Two rule sets were developed, one for each strategy; both sets included general rules and more
specific rules as exemplified in the previous example. Rules describing when to insert the article
(Byrne and Churchill 1986:21-25; Farrer
1990:123-37) fell under category 1) in section 5.
The other type of rule consisted of more specific
and idiosyncratic examples of when to omit the
article (Grevisse 1993:570-71; Bescherelle
1990:50-56). Such rules fell mainly under category 2) in section 5. In evaluating both sets of rules,
the article from the English source text was deleted
and the rules were left to operate over the “articleless” raw translations. The first set of rules inserted articles based mostly on semantic categories,
while the second set introduced them only when
specific rules indicating when to omit the article
had been unsuccessfully tried.
9 Results
Both sets of rules were tested against three corpora: a work of fiction, a work of non-fiction and a
randomly chosen unseen article from a journal.
This last corpus represented a genre of text on
which our rule sets had not been tested. The following results were obtained (measured as the proportion of article insertions or omissions by the
rules compared with those of a human translator):
Fiction
(2400
words)
Nonfiction
(3500)
Unseen
(650)
Rule set 1) 168/272=62% 283/373=76% 90/119=76%
Rule set 2) 229/272=84% 342/373=92% 115/119=97%
In this table, X / Y represents the fact that the
definite article was correctly processed X times
out of Y occurrences. The size of each corpus is
indicated on the table; thus the fiction corpus
contained 2,400 words which gave rise to 272 sites
at which a definite article could have been inserted
in French. In the English corpora, the definite
article represented 6% of the total number of
words, while in the French corpora it represented
15.5%.
It is clear that case 2) rules performed better than
those in case 1). In fact, a chi-squared test shows
that the observed differences between the performance of the two sets of rules is significant at
0.005. In terms of size, obviously a larger text
sample would have resulted in much more definitive results, but for the purposes of rule testing (in
contrast to stylistic studies) the tests described
here reflect a real advantage for a given type of
rule.
Given the behaviour and distribution of the French
article, these results would suggest that at least
from a computational perspective, it is better to
indicate when to omit an article than when to
include it.
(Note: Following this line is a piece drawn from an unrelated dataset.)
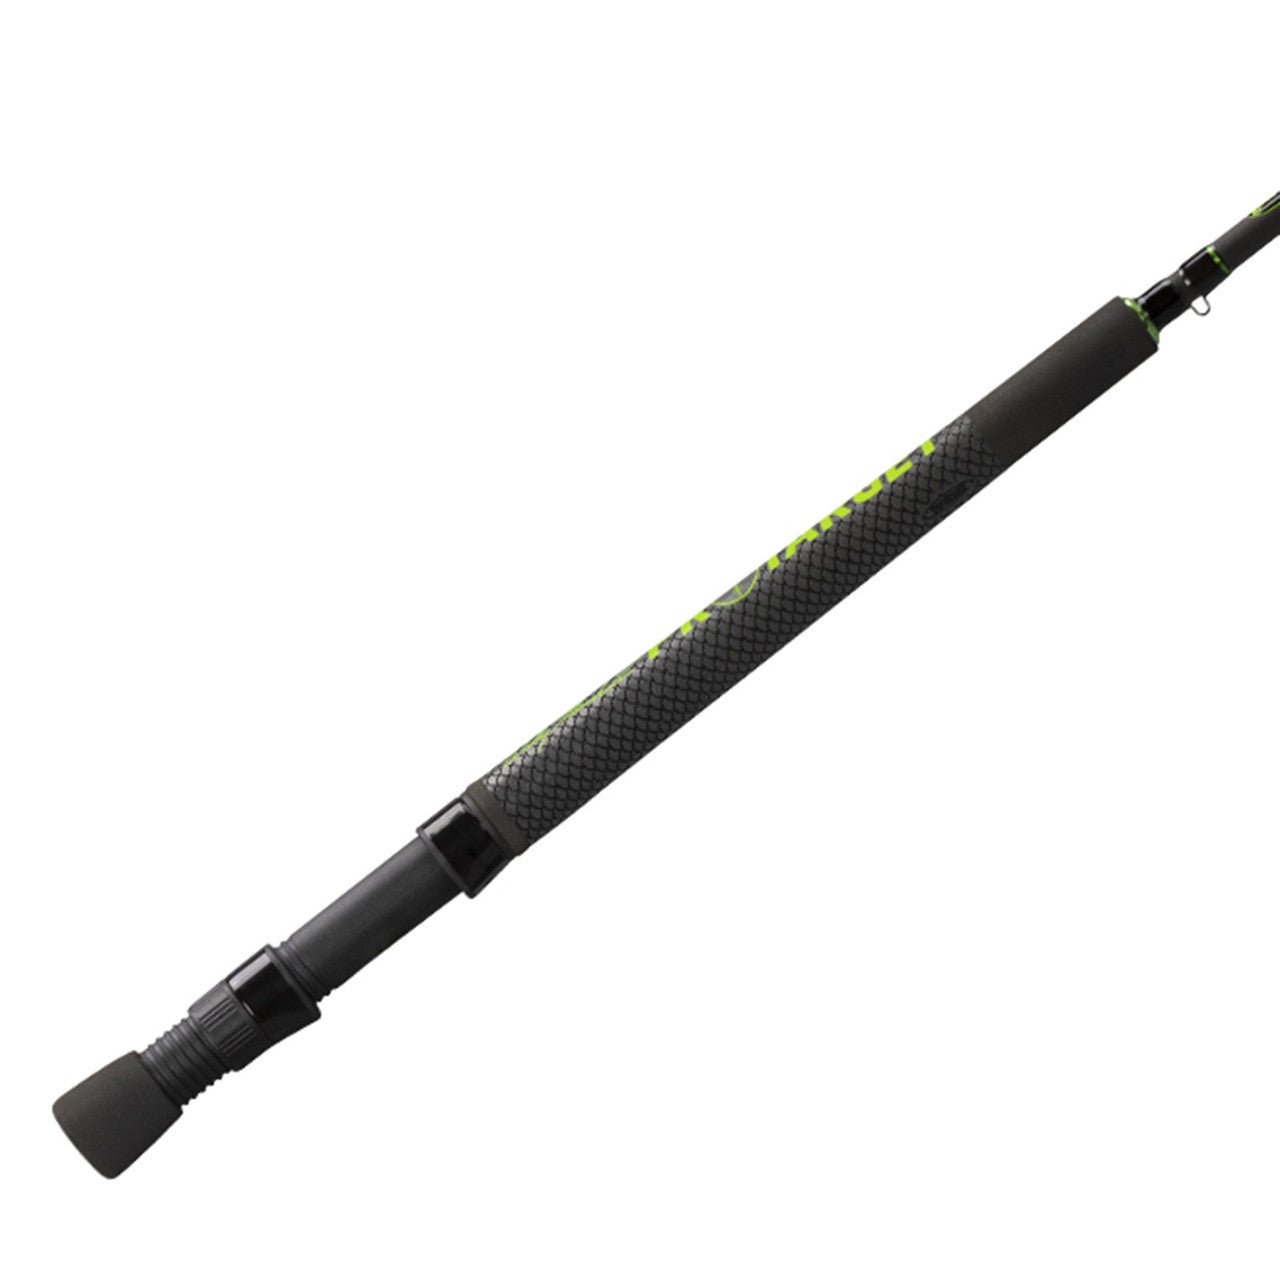 Lew's Wally Marshall Pro Target Crappie Rod - Hamilton Bait and Tackle

It is worth noting that the rules did not
take into account the existence of a definite article
in the English original text. While this might influence the finer distinctions on article insertion in
French, the majority of decisions may be made
based purely on target language considerations.
10 Relation to Other Work
The compilation and analysis of errors by language students is well established in applied linguistics (Corder 1973:256-95; Johansson 1975:41-52;
Ellis 1990:45-46). Similarly, pedagogical grammars continue to be used for language instruction
(Krzeszowski 1975; Stern 1990:94). The present
work applies techniques from MT and NLP to the
evaluation and possible improvement of such
39
grammars in a controlled and relatively objective
manner.
Computer Assisted Language Learning (Ahmad et
al. 1985) techniques may also be applicable to the
evaluation of pedagogical grammars. In this case,
one would incorporate the rules to be tested into
the system and evaluate them as part of the overall
learning instruction process. However, our approach, because of its comparatively wider range of
input texts (i.e. the system’s corpus orientation
makes it easier to expand its linguistic coverage),
can at least offer a complementary mechanism for
this type of evaluation.
In the specific area of article translation, this work
resembles that of Bond et al. 1995 most closely
since their work is also based on a battery of rules
applied in an hierarchical fashion. The prototype
system presented here, however, introduces less
assumptions about the translation process, and
therefore allows the effect of particular rules to be
considered with minimal interference from other
system components.
11 Conclusions
We have developed and tested a mechanism for
the semiautomatic evaluation of certain types of
rules as found in grammar texts for language learners. Techniques from lexicalist MT and corpusoriented NLP were used to automate and facilitate
this task.
Since one of the overall aims is to improve the
quality of materials for human use, the results
presented here can only be indicative of possible
avenues for improvement. They do not address the
psychological or pedagogical issues faced by
language learners, for which other types of experiments may be appropriate. One problem faced
by any attempt to evaluate grammar texts of the
type considered here is that rules in such texts are
geared towards non-experts and learners; as such,
they must provide sufficient generality and flexibility to be of maximum benefit. Unfortunately,
these very characteristics hamper adequate evaluation of their effectiveness. Furthermore, the
way in which rules are interpreted by individual
learners is hard to determine, and even harder to
express as a computer program. This work therefore has interpreted the rules in grammar texts as
literally as possible in order to factor out any
additional knowledge that may be brought to bear
on their interpretation. Still, some conclusions
may be drawn from this work.
One conclusion presented in the paper was that it
is more profitable to describe when to omit the
French article rather than when to insert it, particularly when explaining French grammar to anglophones.
Possible extensions to this work could include
refinements to the prototype MT engine and the
evaluation of other rules such as those for preposition usage. However while more complex translation rules would require a more powerful translation engine, the lexicalist approach to machine
translation advocated here would be well suited to
further experimentation as it assumes little regarding the configurational aspects of language, and
therefore can be used to evaluate a range of grammar and translation rule types.
Finally, the resemblance of the rules we have used
to those found in expert systems (Gonzalez and
Dankel 1993) may suggest further paradigms and
infrastructure for investigation.
Acknowledgements
We wish to thank David Crossen, Jan Ijdens,
Murray Hill, Evan Antworth and Stephen McConnel; Eric Brill for making available the code of his
tagger, and our two anonymous reviewers for useful feedback.
This research was partially supported by the Nuffield Foundation (NUF-URB95) and The Robert
Gordon University.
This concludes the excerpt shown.